California’s solar property tax exemption is a big deal. It keeps property taxes from increasing when you add solar panels—meaning you get the benefits of a higher home value without the extra tax burden. That’s a win.
The law lives in Section 73 of the California Revenue and Taxation Code. It’s been tweaked and extended over the years, but the core idea remains: encourage more people to go solar by removing a potential financial roadblock.
Without the exemption, installing solar could mean higher property taxes, making it a tougher sell for homeowners. That’s not what California wants.
That said, the exemption is nearing its deadline and it is better to get solar installed now rather than wait expecting an uncertain extension.

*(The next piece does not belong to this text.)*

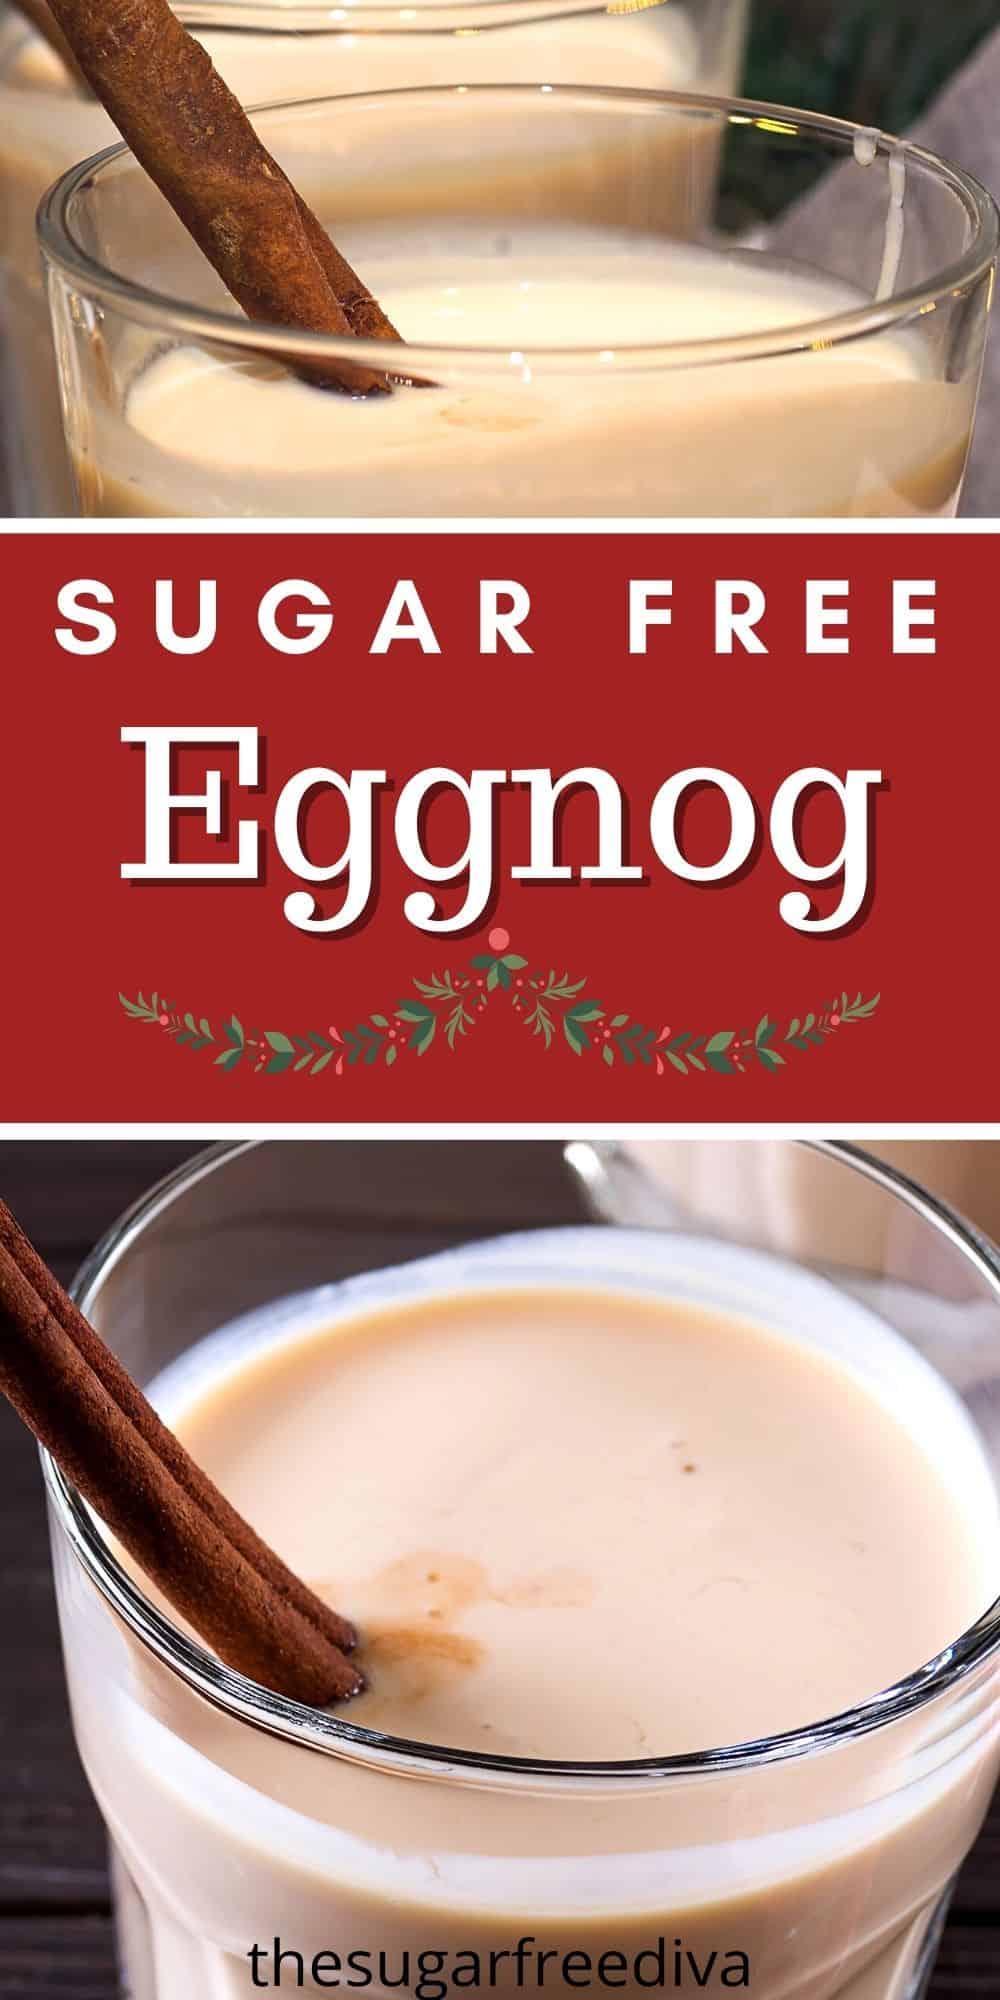 How to Make Sugar Free Eggnog

When Will California’s Solar Property Tax Exemption Expire?
The clock is ticking. Right now, California’s solar property tax exemption is set to expire on January 1, 2027. It’s been extended multiple times before, showing the state’s long-standing commitment to solar energy. But will it happen again? That’s where things get complicated.

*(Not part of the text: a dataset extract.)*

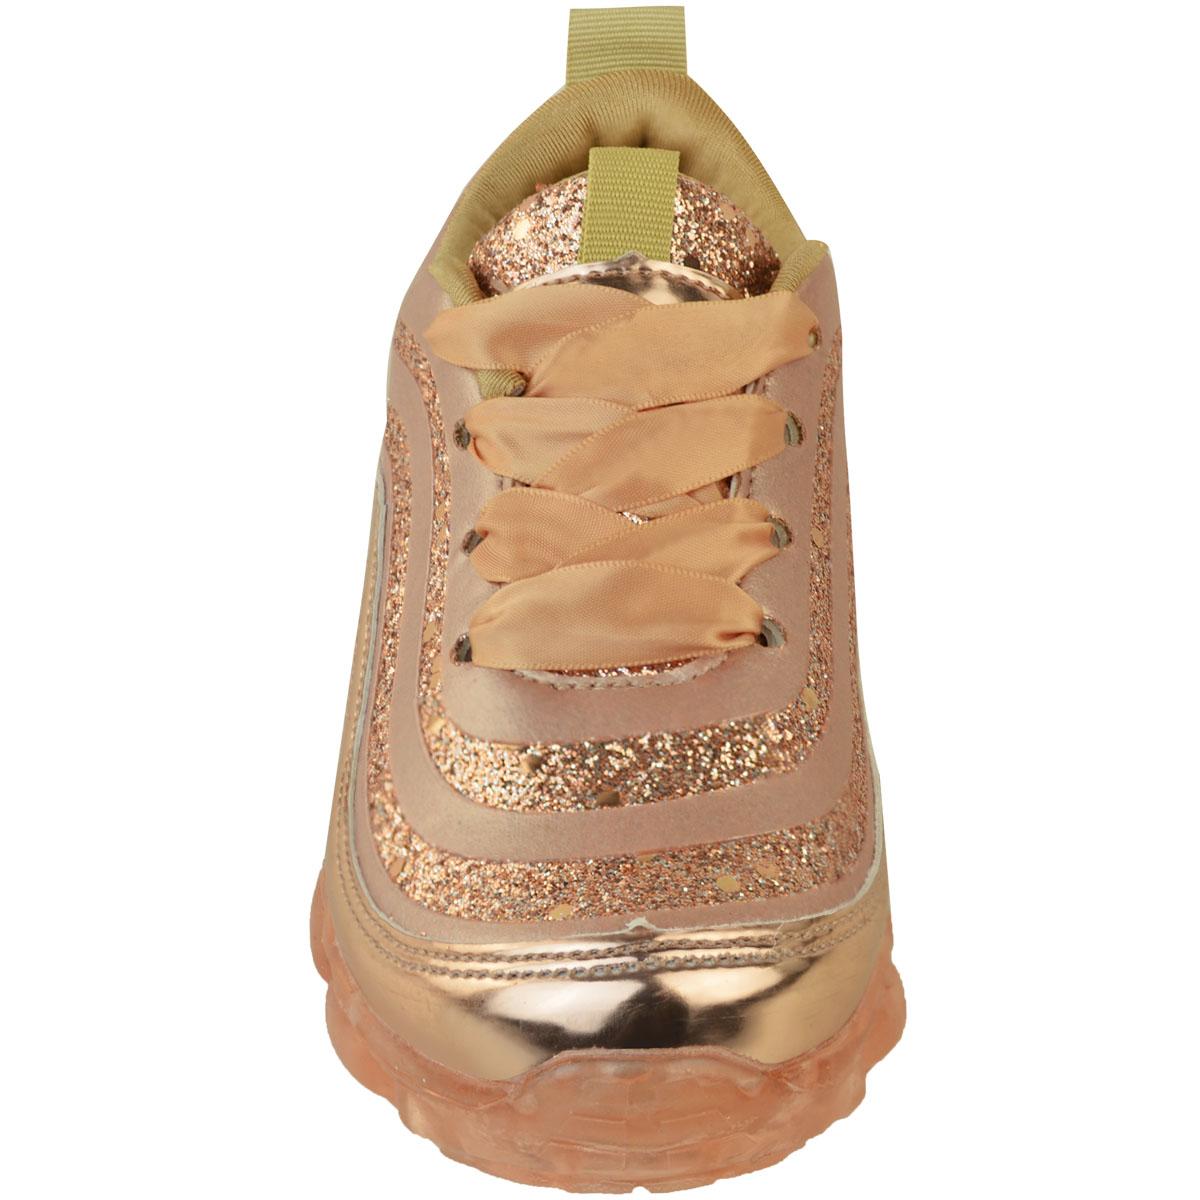 Silver-Rose-Enfants-Filles-Baskets-Parti-Paillettes-Strass-Baskets-Chaussures-De-Danse-Taille

The most recent extension came through Senate Bill 1340 (SB 1340), which Governor Gavin Newsom signed into law in September 2022. This bill pushed the exemption deadline from January 1, 2025, to January 1, 2027. Before that, the exemption had been renewed several times since its original passage in 1980 under Proposition 7—a clear sign that lawmakers have historically prioritized keeping it in place.
Key Deadlines to Know
- Solar systems completed before January 1, 2027, qualify for the exemption, meaning they won’t trigger a property tax reassessment.
- If your system is under construction by January 1, 2026, you’re still eligible—as long as the installation is fully completed by the January 1, 2027, deadline.

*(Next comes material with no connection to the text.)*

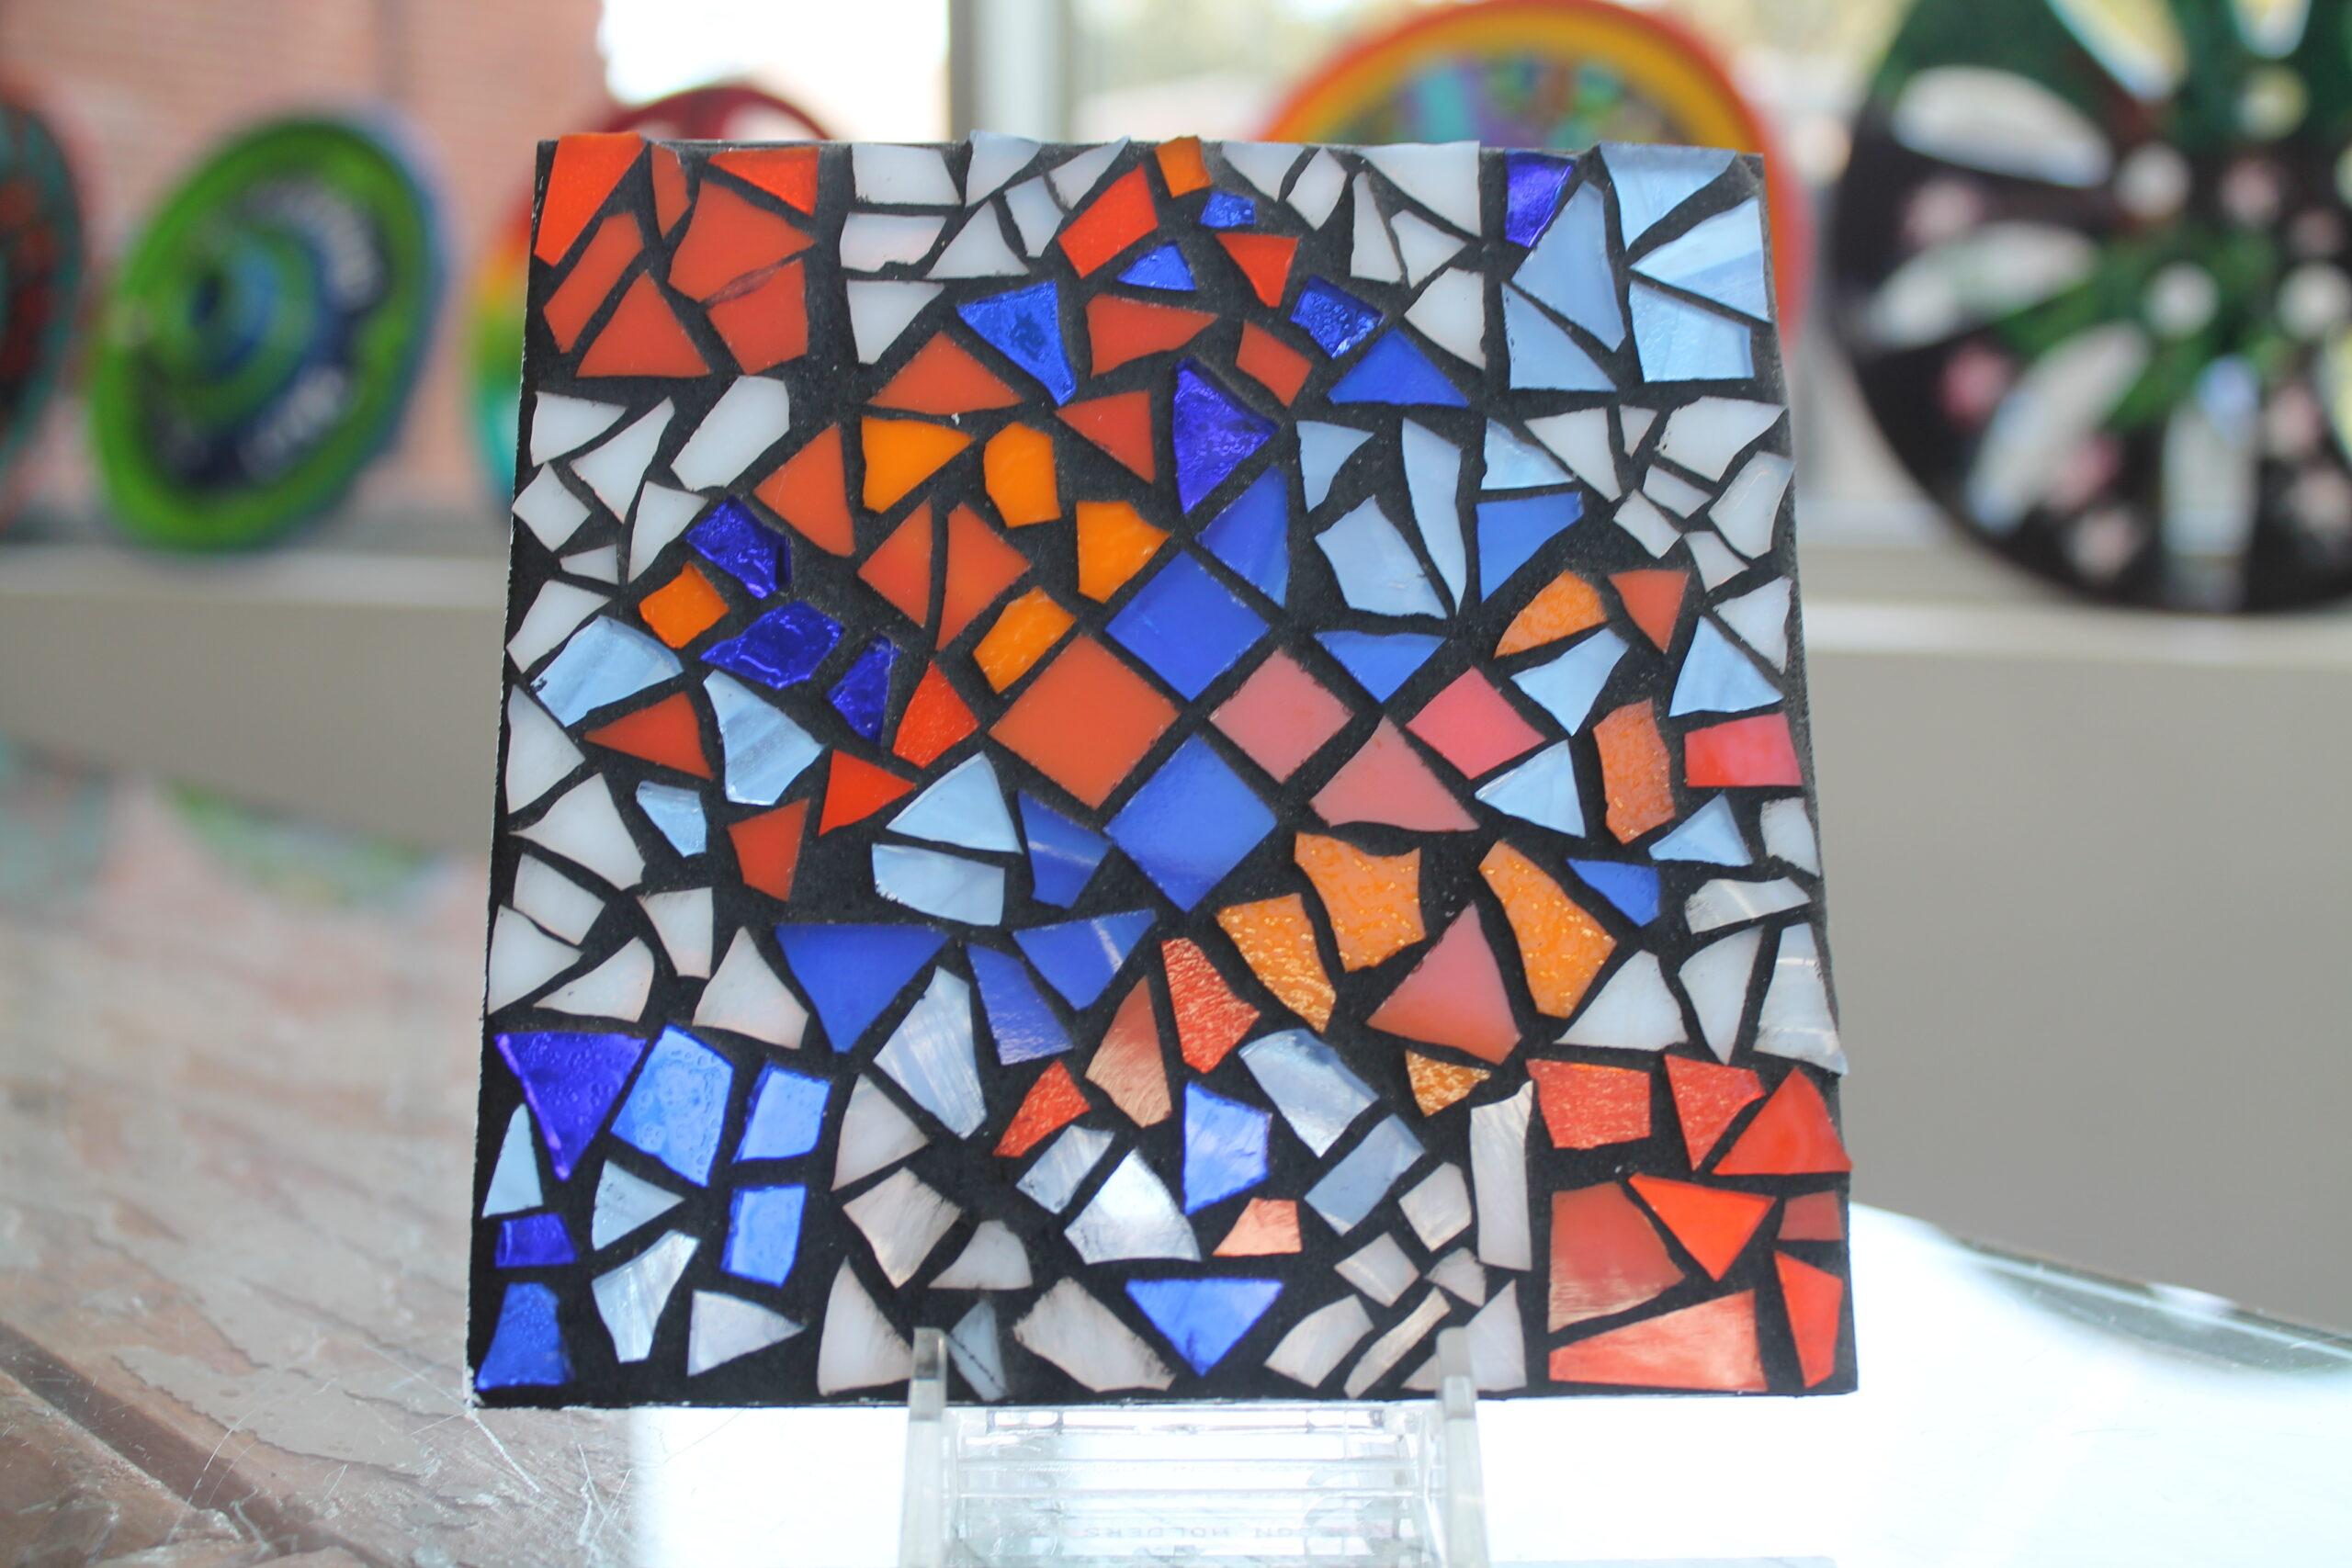 Acrylic Mosaic Coaster HeART Kit

- There’s no rule saying when construction must start—it just has to be finished by the cutoff date to qualify.
Will the Exemption Be Extended Again?
That’s the big question. Historically, the answer has been yes—multiple times. But the landscape is shifting.
When Governor Newsom signed the most recent extension Senate Bill 1340 (SB 1340), he added a notable warning: “This policy has a direct impact on property tax revenues that support essential services at the local level.” Essentially, cities and counties rely on property taxes for funding schools, emergency services, and infrastructure.
By keeping solar systems tax-exempt, the state is reducing the property tax revenue that would normally be collected from homeowners with upgraded properties.
So, while another extension could happen, it’s far from guaranteed. California is still pushing aggressive renewable energy goals, but lawmakers may decide that other incentives (like direct rebates or different tax structures) are a better approach.
What this Means for Homeowners and Businesses
If you’re thinking about going solar, waiting isn’t a great plan. Right now, the tax exemption is locked in through 2027, but that might be the last extension.
The safest move? Get your system installed before the deadline so you can lock in your tax savings while they’re still available.
How to Qualify for California’s Solar Property Tax Exemption
It’s pretty straightforward. Here’s what you need:
- An active solar energy system (most rooftop PV systems qualify).
- A completion date before January 1, 2027.
- The system must be owned, not leased.
- The exemption applies to both homes and businesses.
For most people, the exemption applies automatically. But just to be safe, check with your county assessor—some require a claim form to ensure it’s correctly applied.
For official details on how this works, including legal guidelines and FAQs, check out the Active Solar Energy System Exclusion on the California State Board of Equalization’s website.
The state defines an active solar energy system as one that collects, stores, or distributes solar energy. It has to be thermally isolated from living spaces, which is a fancy way of saying it can’t just be a passive part of the building.
If it heats your pool or hot tub? Nope, doesn’t count.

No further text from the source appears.